Work item >> Exclude images, then output the remaining data verbatim.

Given data >>
____________

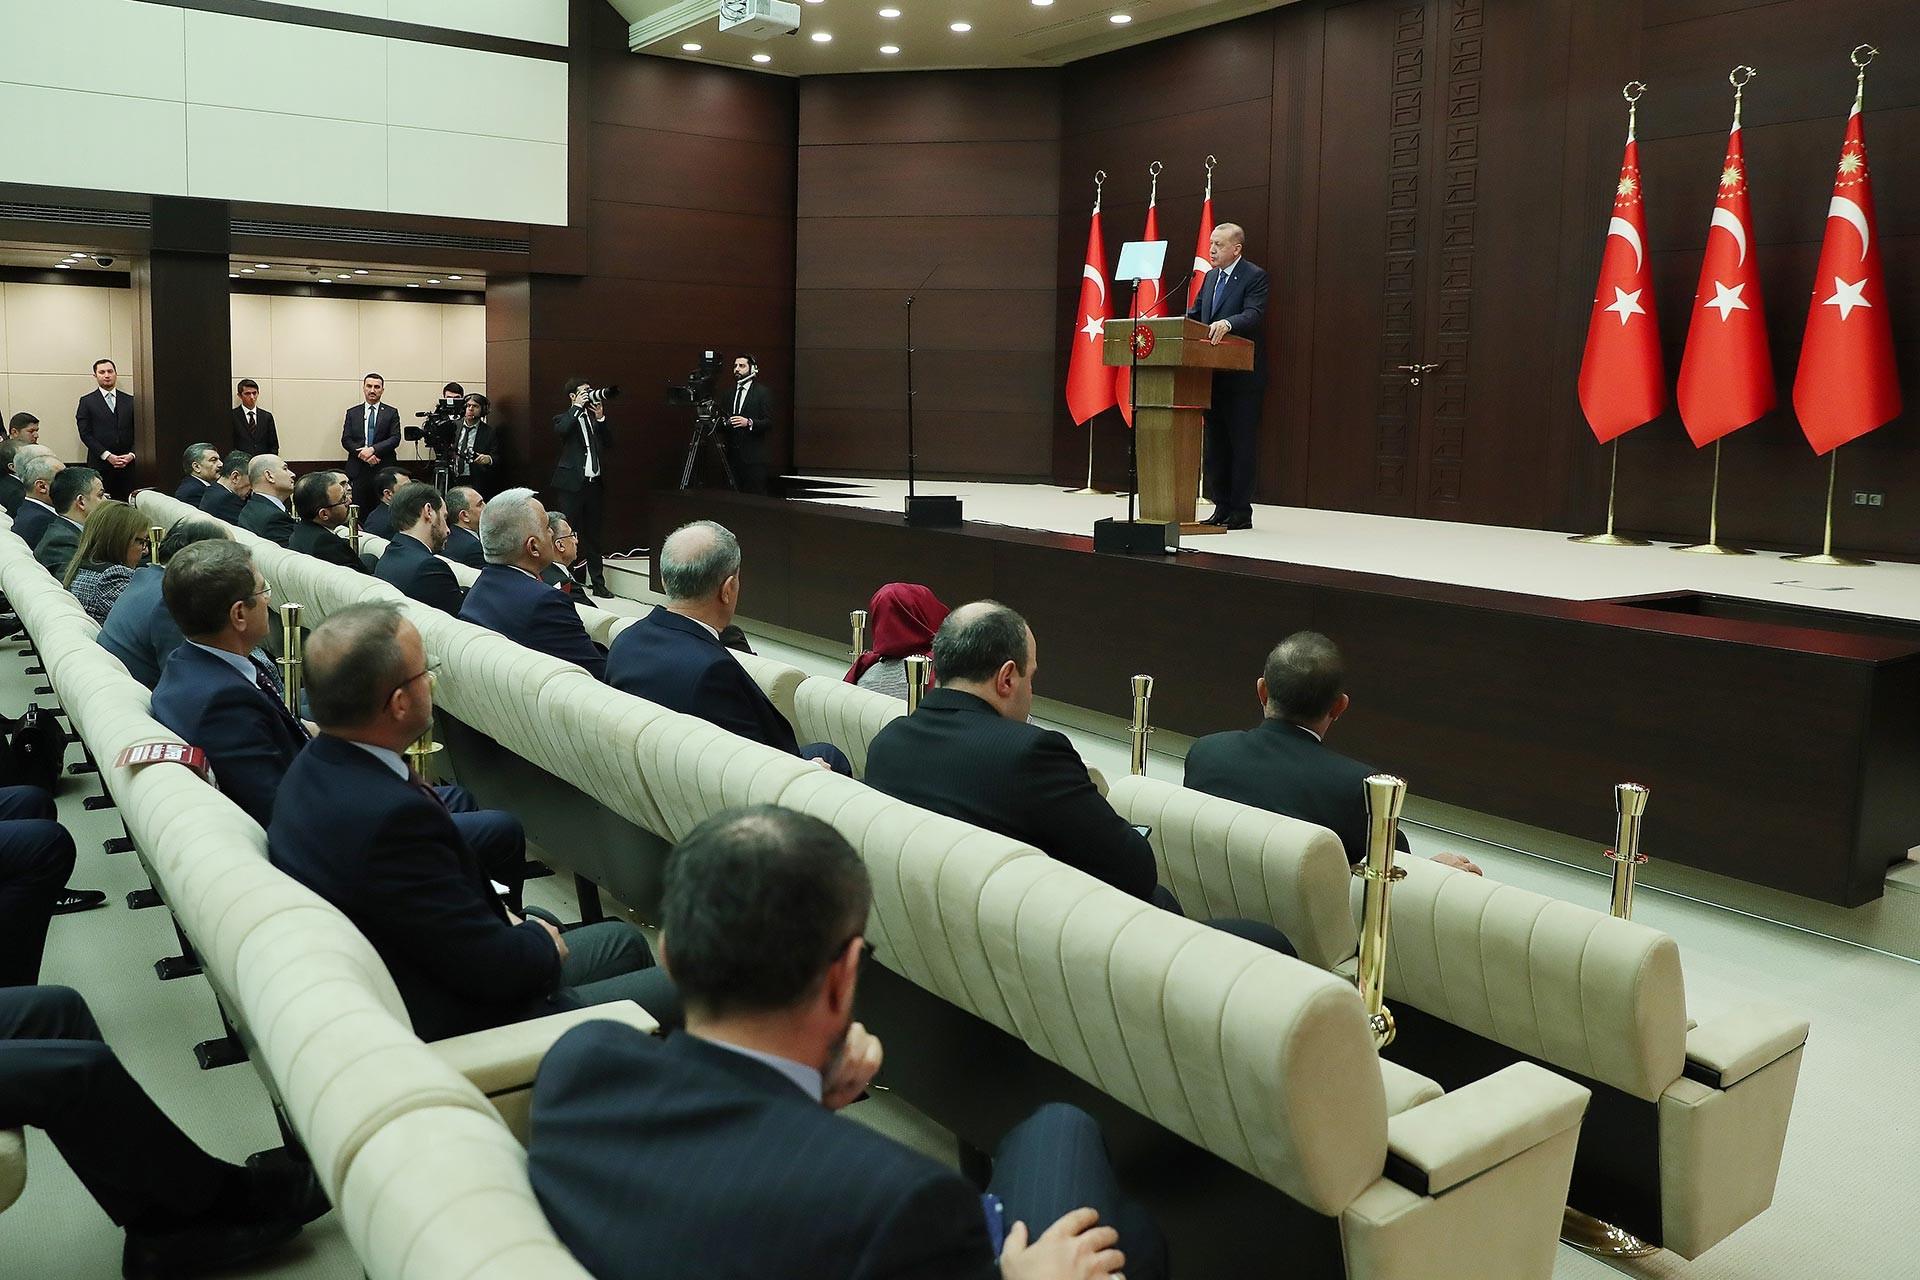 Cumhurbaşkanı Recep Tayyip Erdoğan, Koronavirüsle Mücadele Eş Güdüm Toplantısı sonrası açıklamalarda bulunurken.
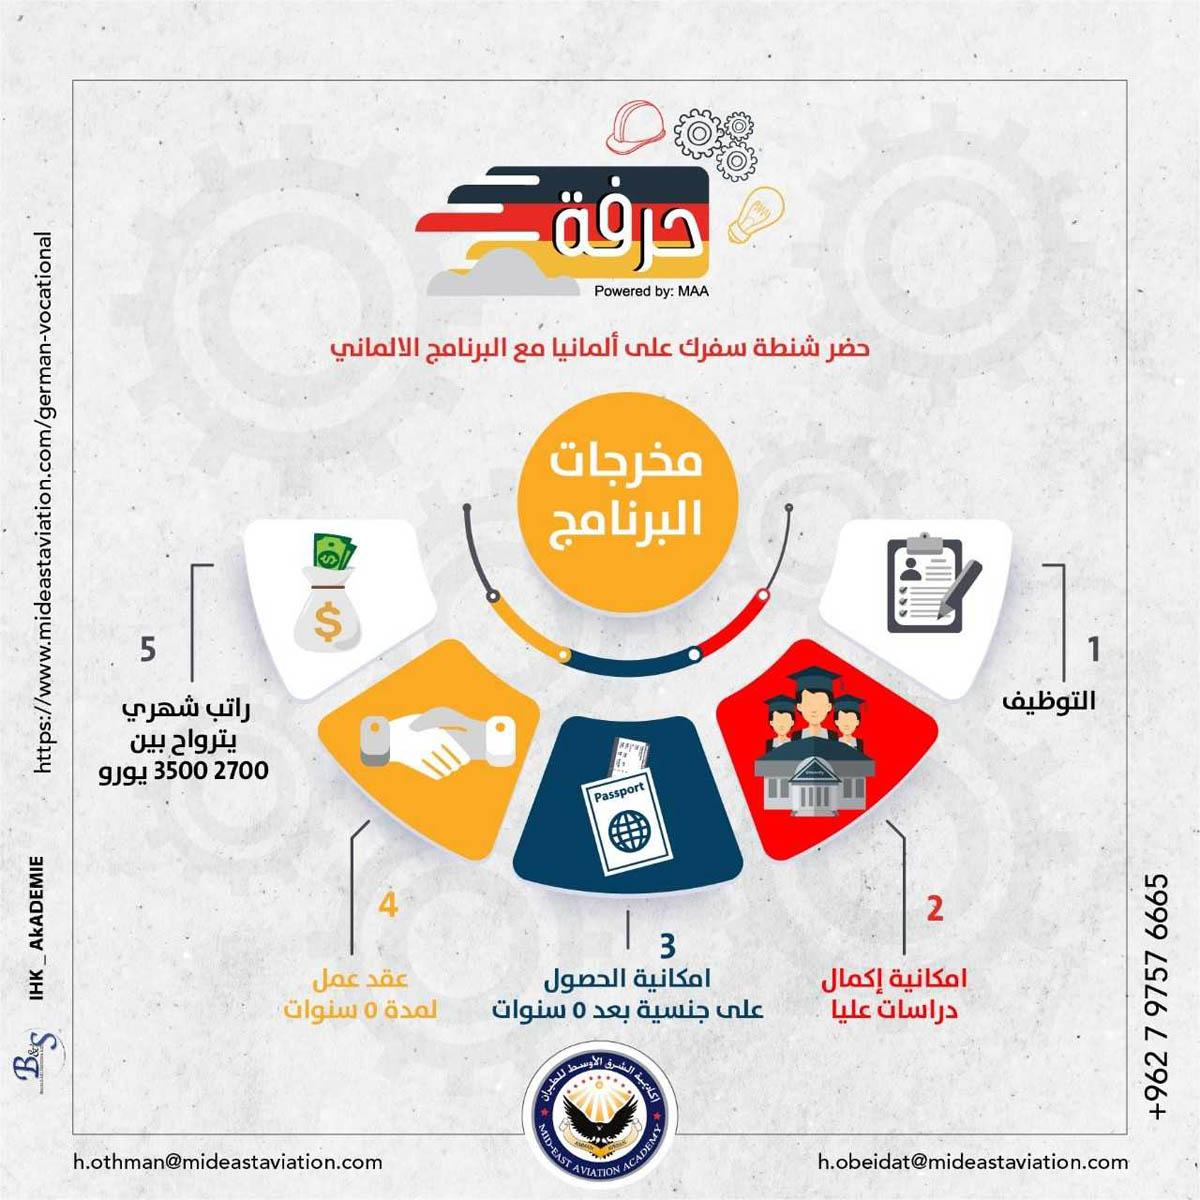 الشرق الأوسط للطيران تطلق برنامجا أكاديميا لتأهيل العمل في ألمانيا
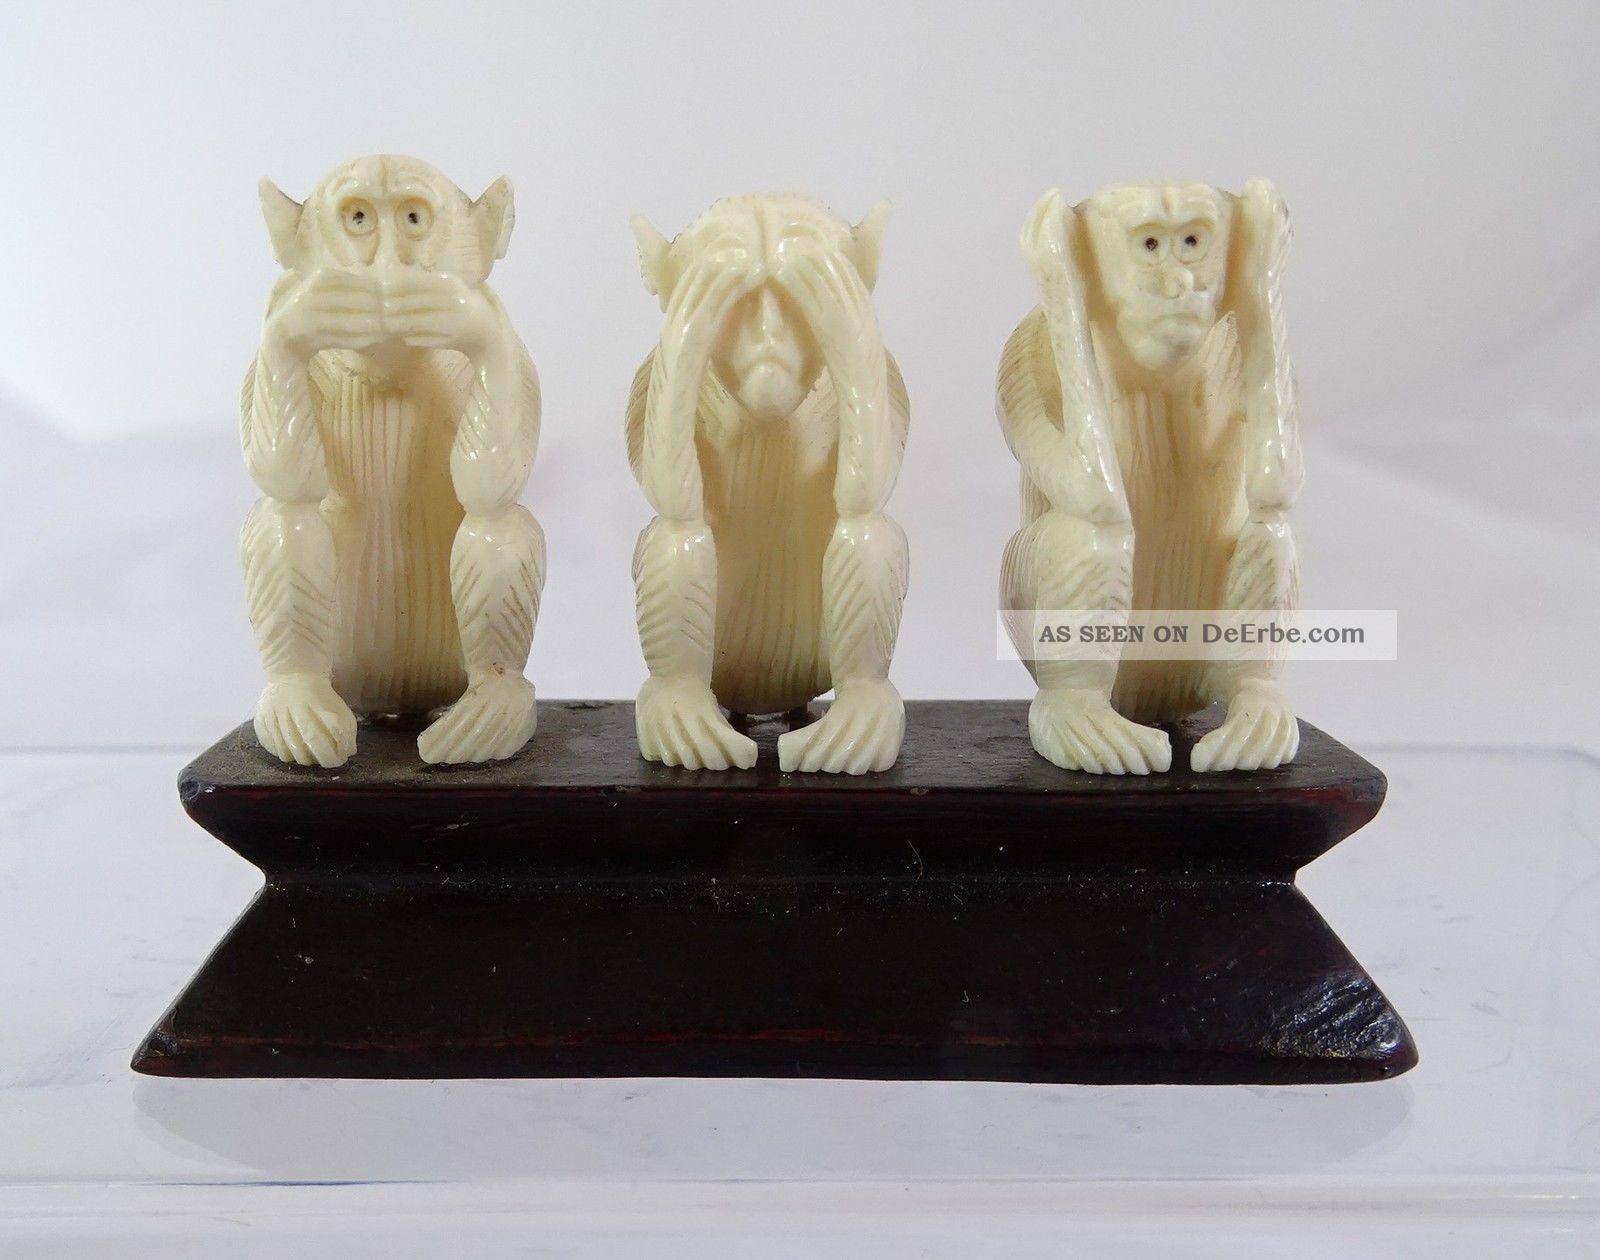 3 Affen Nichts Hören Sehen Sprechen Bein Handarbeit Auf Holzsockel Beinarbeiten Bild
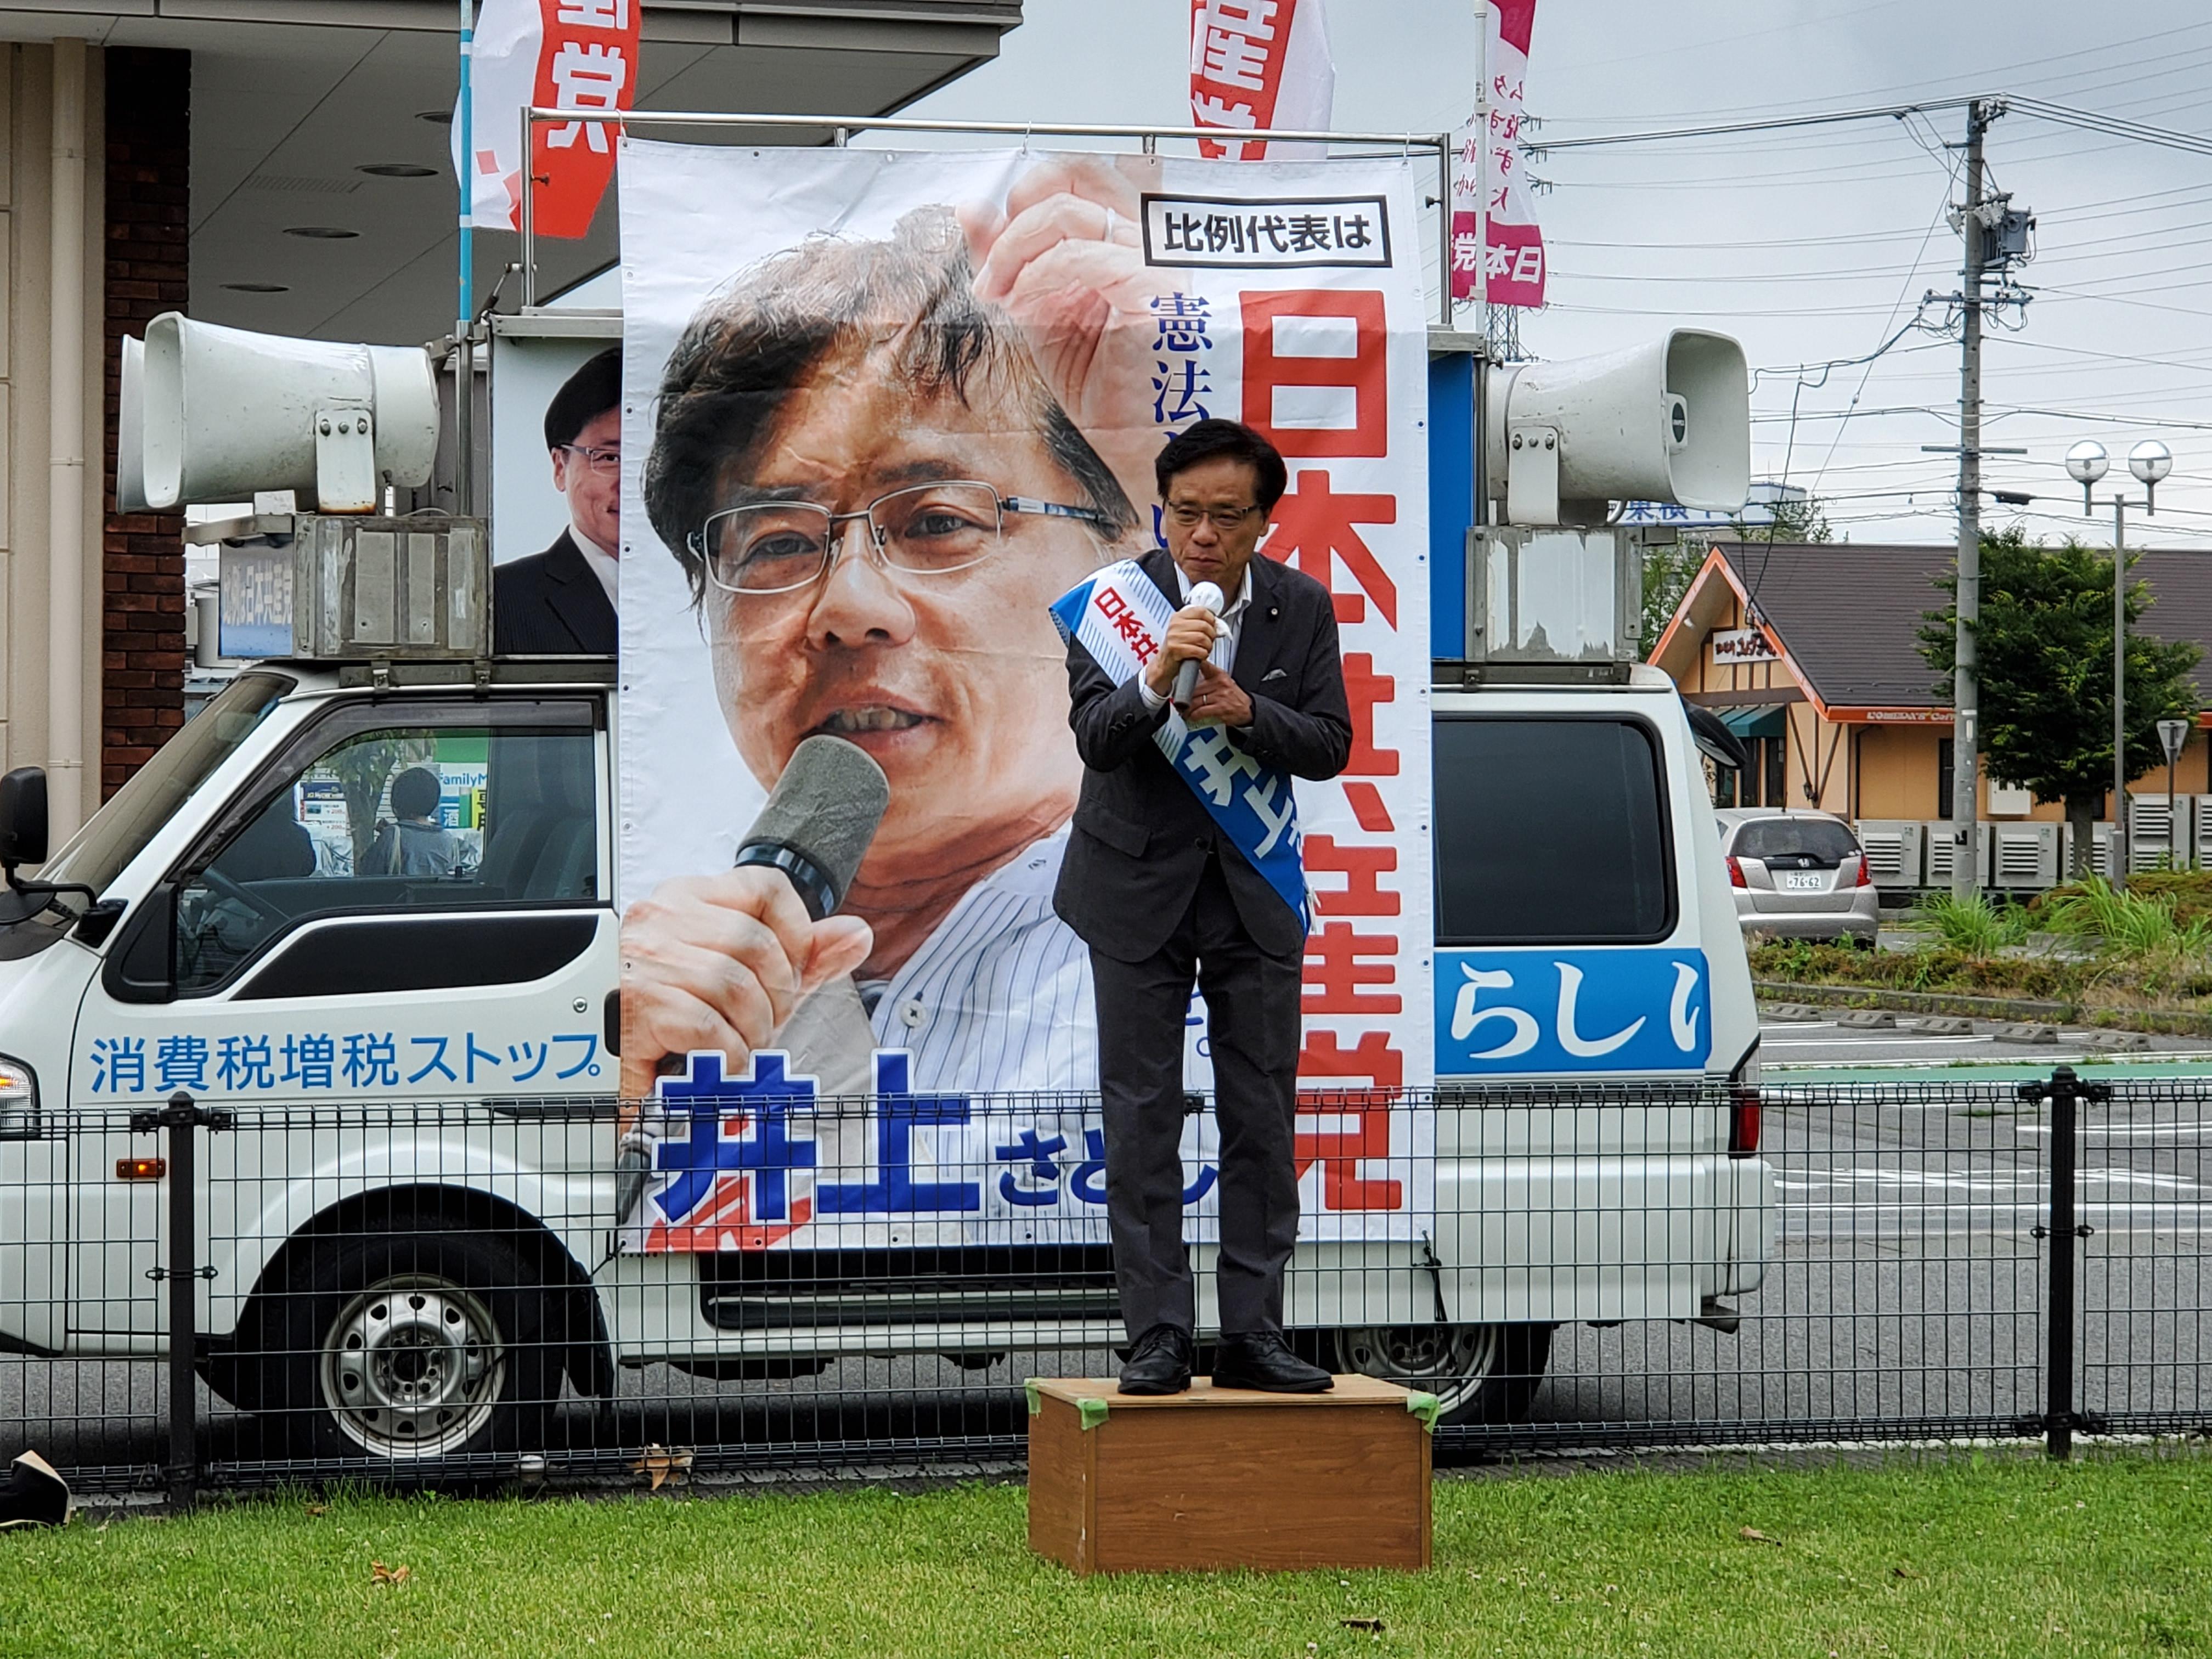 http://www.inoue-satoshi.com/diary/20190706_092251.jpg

____________

Problem solution >>
 Cumhurbaşkanı Recep Tayyip Erdoğan, Koronavirüsle Mücadele Eş Güdüm Toplantısı sonrası açıklamalarda bulunurken.
 الشرق الأوسط للطيران تطلق برنامجا أكاديميا لتأهيل العمل في ألمانيا
 3 Affen Nichts Hören Sehen Sprechen Bein Handarbeit Auf Holzsockel Beinarbeiten Bild
 http://www.inoue-satoshi.com/diary/20190706_092251.jpg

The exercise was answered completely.